It seems Structural GenomiX never stops hiring, at least not for its upper echelon. The company announced that Stephen Burley came aboard as chief scientific officer and senior vice president of R&D, and Mike Grey became chief business officer.
Burley, 43, joins SGX in January from Rockefeller University, where he’s a professor and provost, as well as an investigator with the Howard Hughes Medical Institute. “I became increasingly interested in finding small-molecule inhibitors targeted at medically important proteins,” Burley says, “and work in structural genomics here in New York is limited by the size of the investment we can make in automation and chemistry.” The private sector certainly had advantages, but it wasn’t a private-versus-public decision for him. Burley is the principal investigator for an NIH-funded structural genomics consortium in New York, and he will not only continue working with the group but will also use the SGX infrastructure to help speed up the consortium’s efforts.
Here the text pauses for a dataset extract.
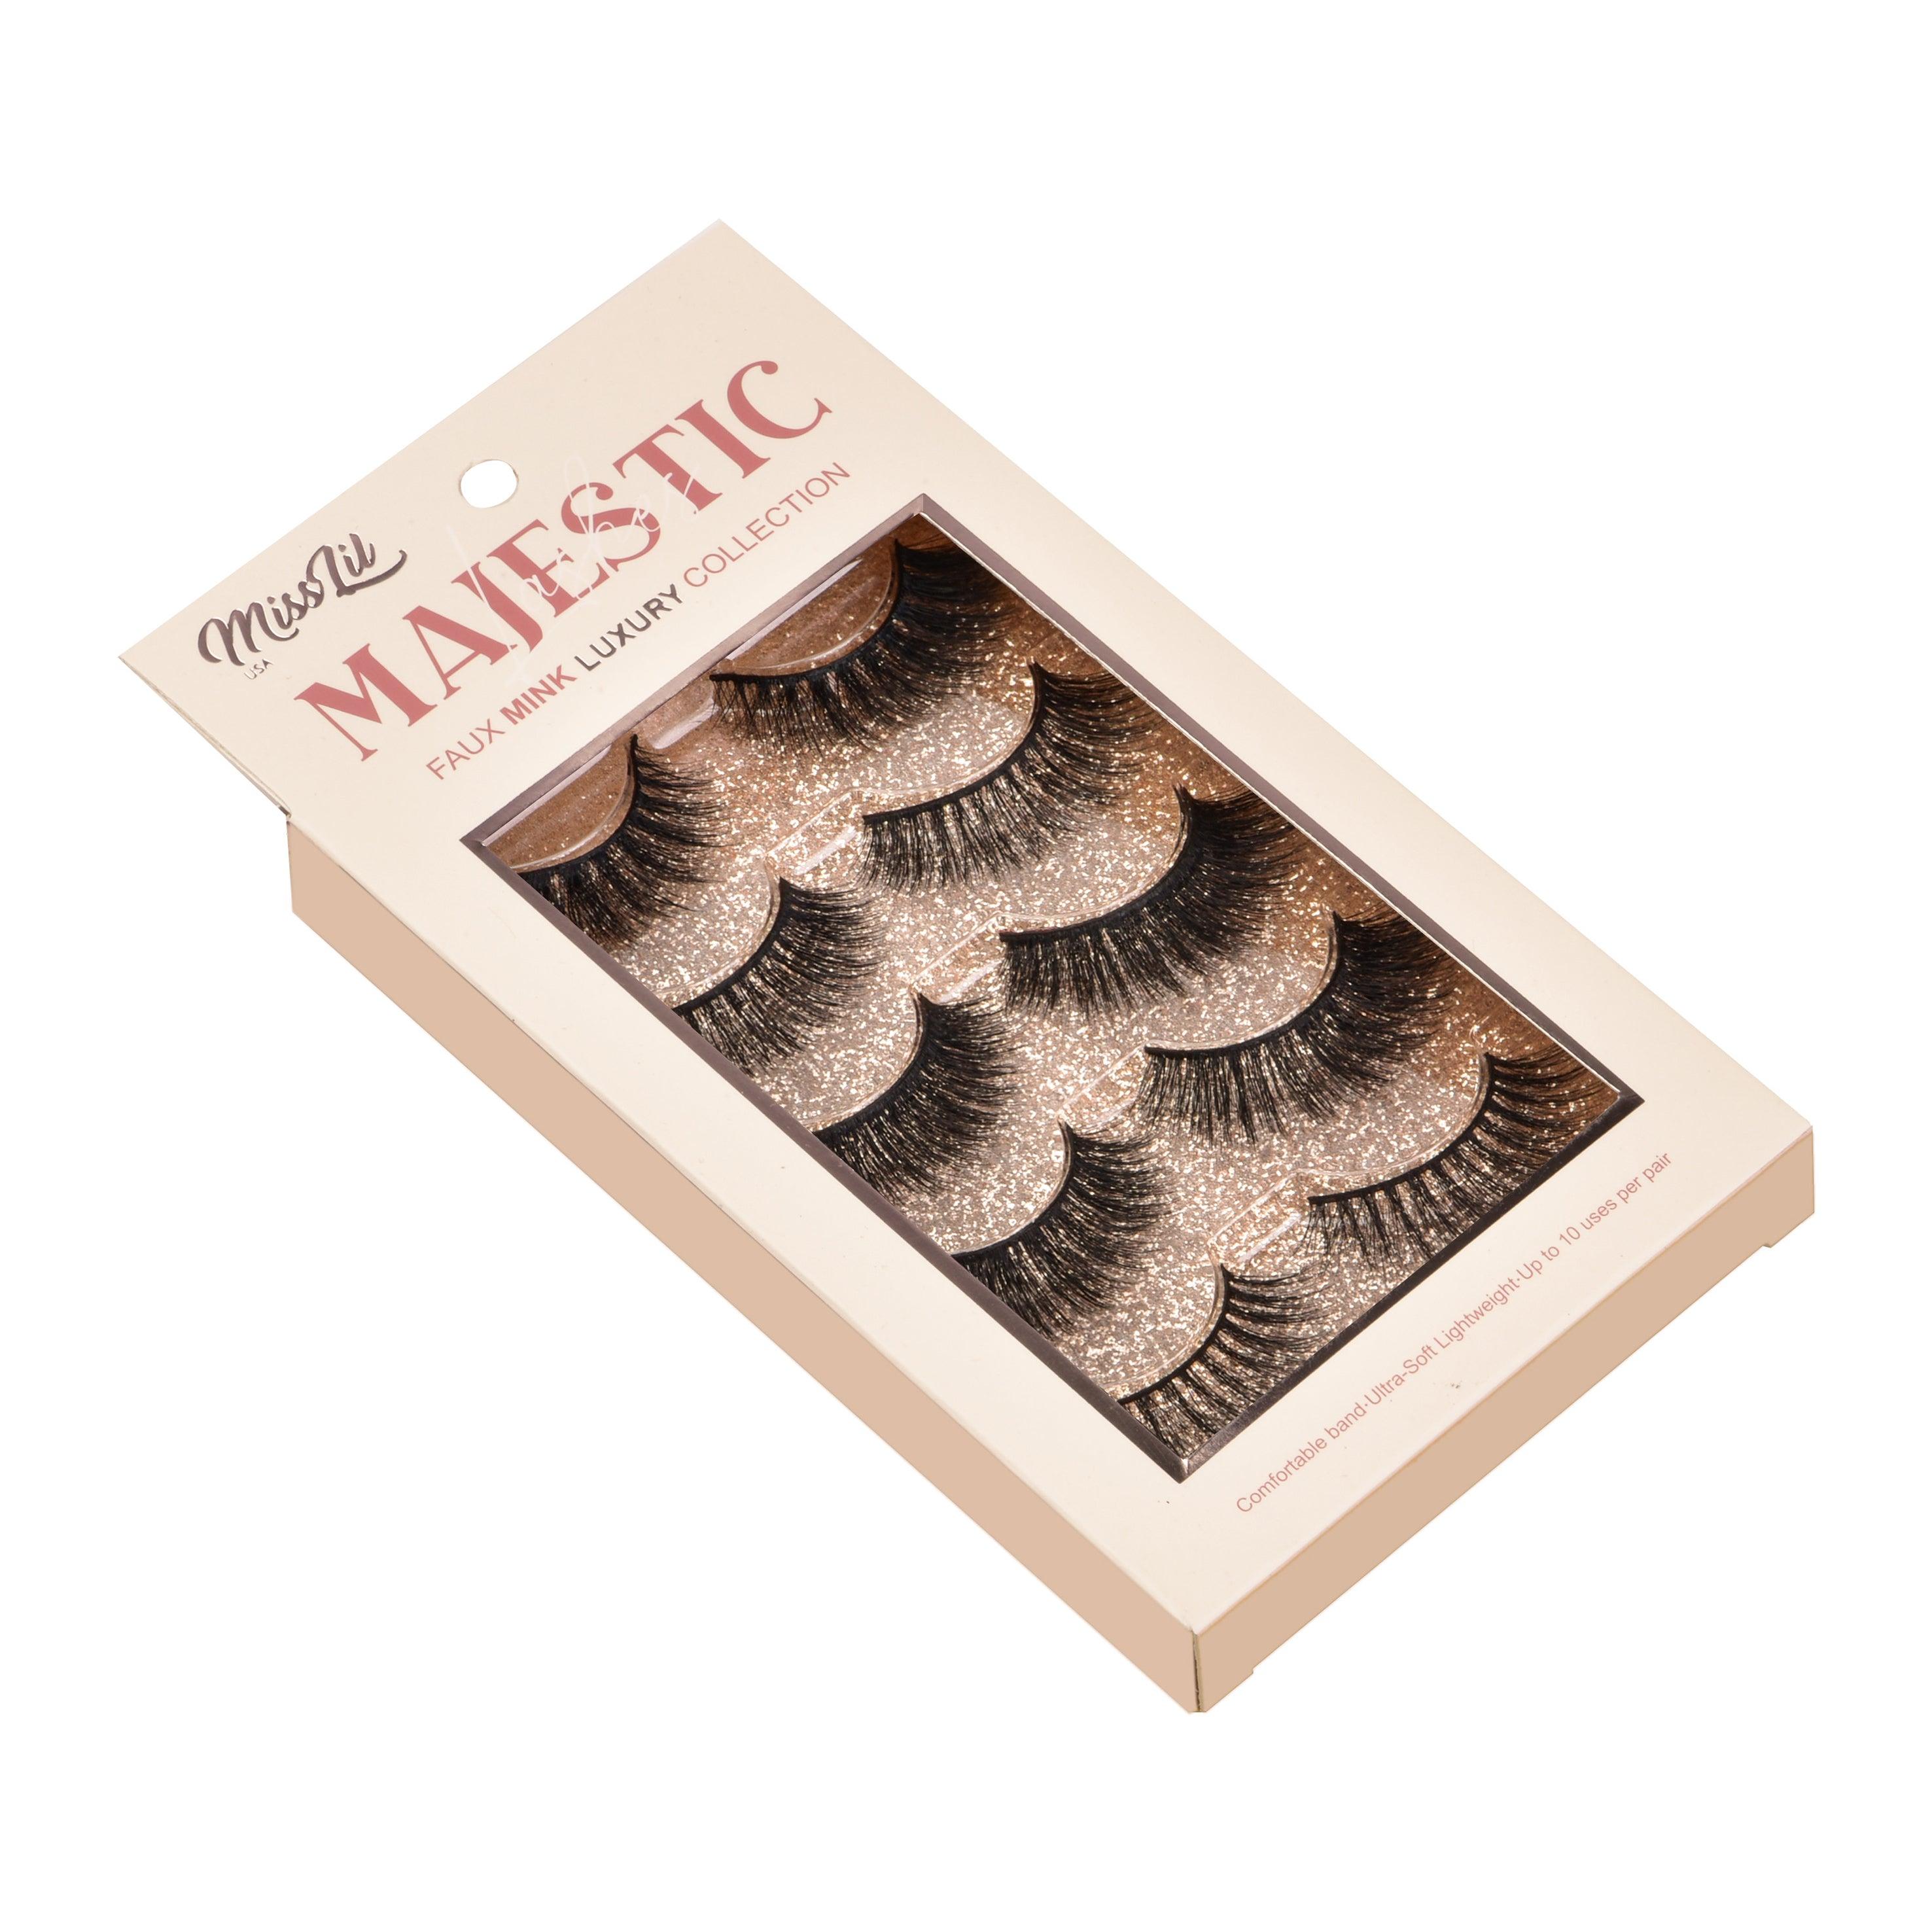 5 Pairs Majestic Collection Lashes #9 - Miss Lil USA

A cofounder of Prospect Genomics, acquired by SGX, Burley was intrigued by the company’s technology. “The thing that impressed me about SGX is the robotic platform for going from genes to expressed proteins to crystals and then to x-ray structures of the protein in very short order,” he says. The company’s crystallography facility at the advanced photon source at Argonne, expected to be operational this month, added incentive. “It means you can do in a matter of a few minutes what used to take days to weeks,” Burley says.
A UK native, Burley’s career has taken him around the globe — he’s lived in Australia and Canada, attended Harvard medical school and did postdoc work at MIT, and now expects to be in southern California “for the duration.”
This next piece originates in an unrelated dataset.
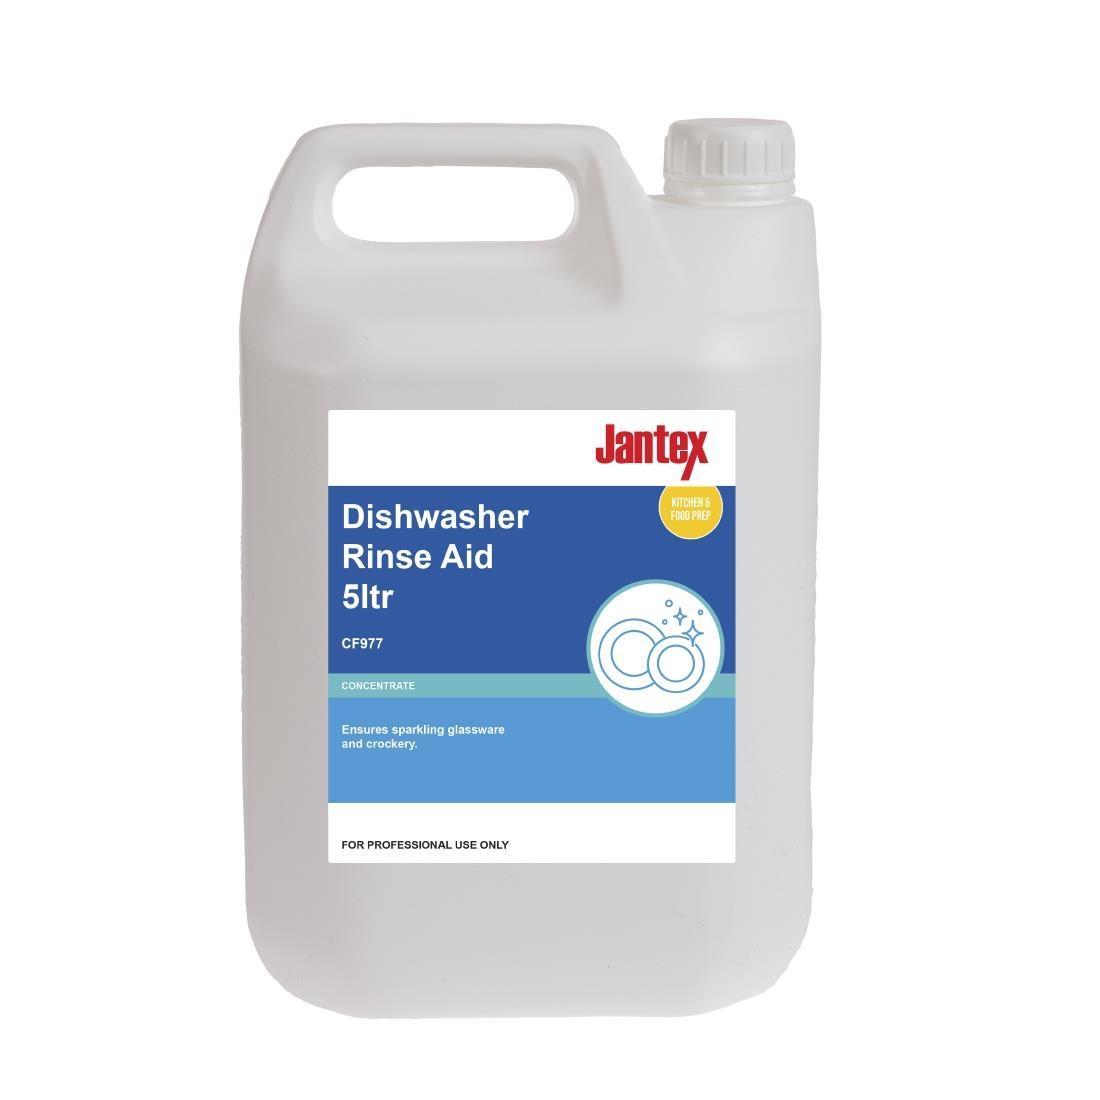 Jantex Dishwasher Rinse Aid Concentrate 5Ltr - CF977  - 1

SGX also brought on CBO Mike Grey, who spent nearly 20 years at Glaxo before becoming president of BioChem Therapeutics and then CEO and president of Trega Biosciences, which was acquired by Lion Bioscience. After two headliner positions, CBO could be seen as a step down — but Grey, 48, is quick to dispel that idea. “I had a number of opportunities to be the CEO of another company,” he says. “My taking [chief business officer] is really a reflection of my views as to the nature of the opportunity that we have.”
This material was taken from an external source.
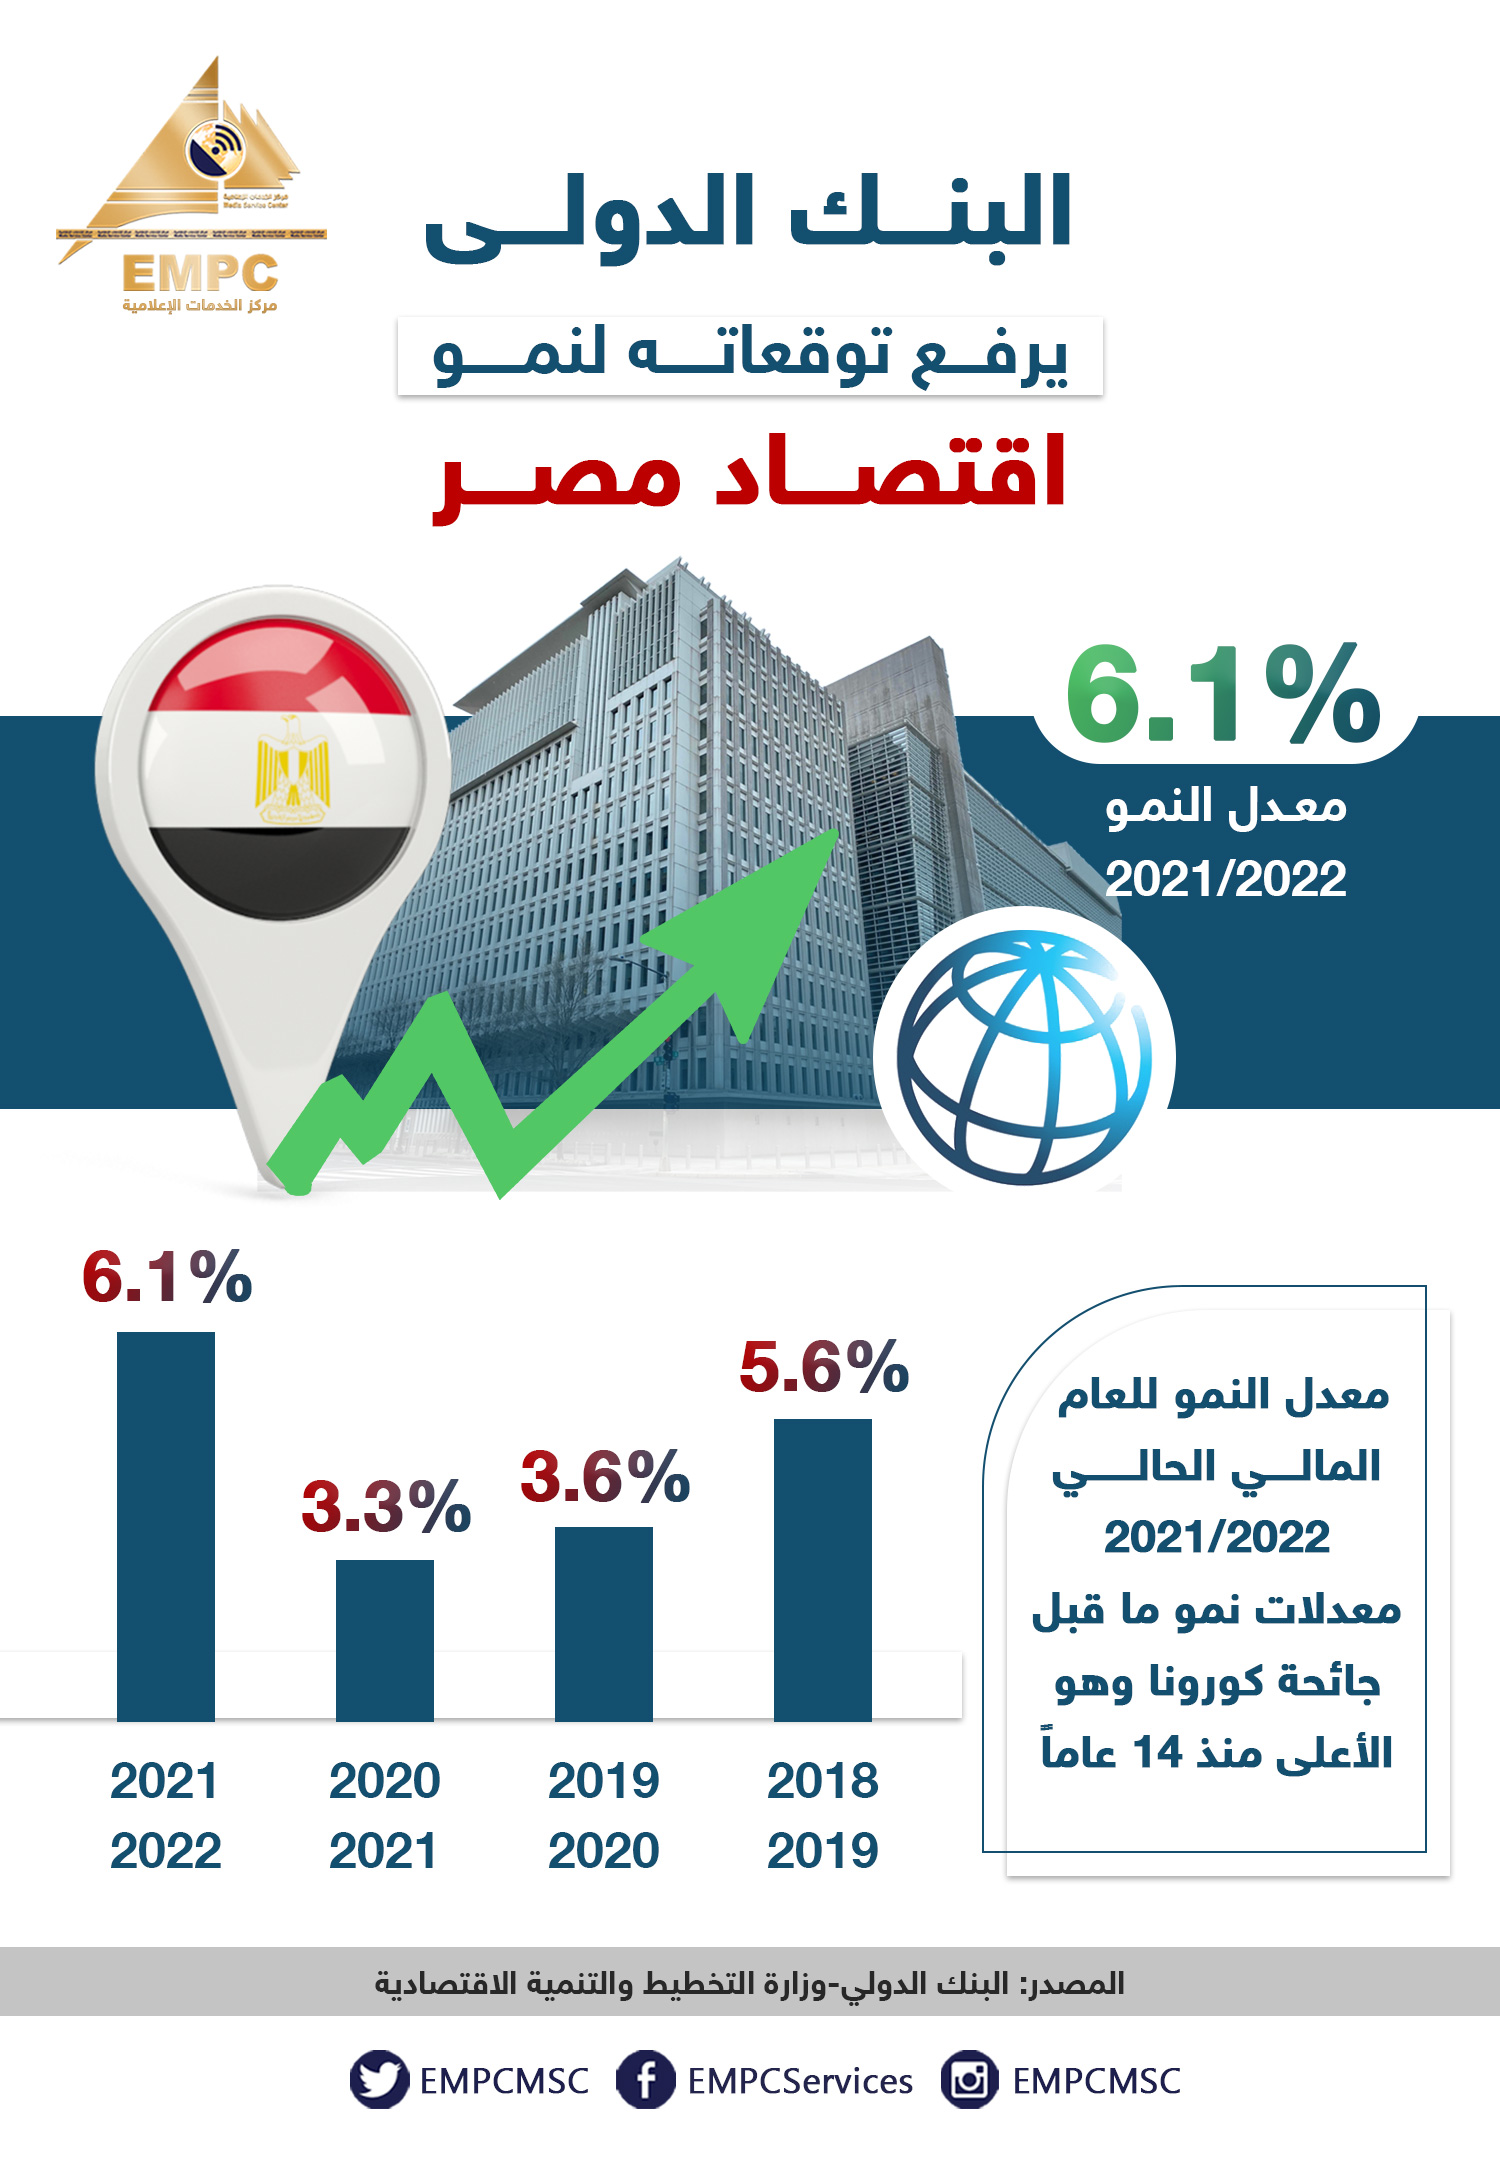  the World Bank raises its expectations for the growth of Egypt's economy to exceed before Corona

Grey, a chemist by training, says his post-merger departure from Trega-turned-Lion was amicable. “The area of technology that [Trega] could command was relatively small,” he says. “It made sense to combine with another company such as Lion.”
He sees SGX, though, as having enough breadth in the market to survive on its own, and his goal is to build the company quickly. It should be a leader in the protein structure field, he argues, with its near-real-time crystallization and determination capabilities. He’ll also seek out collaborations and partnerships while keeping an eye on the end goal, discovery.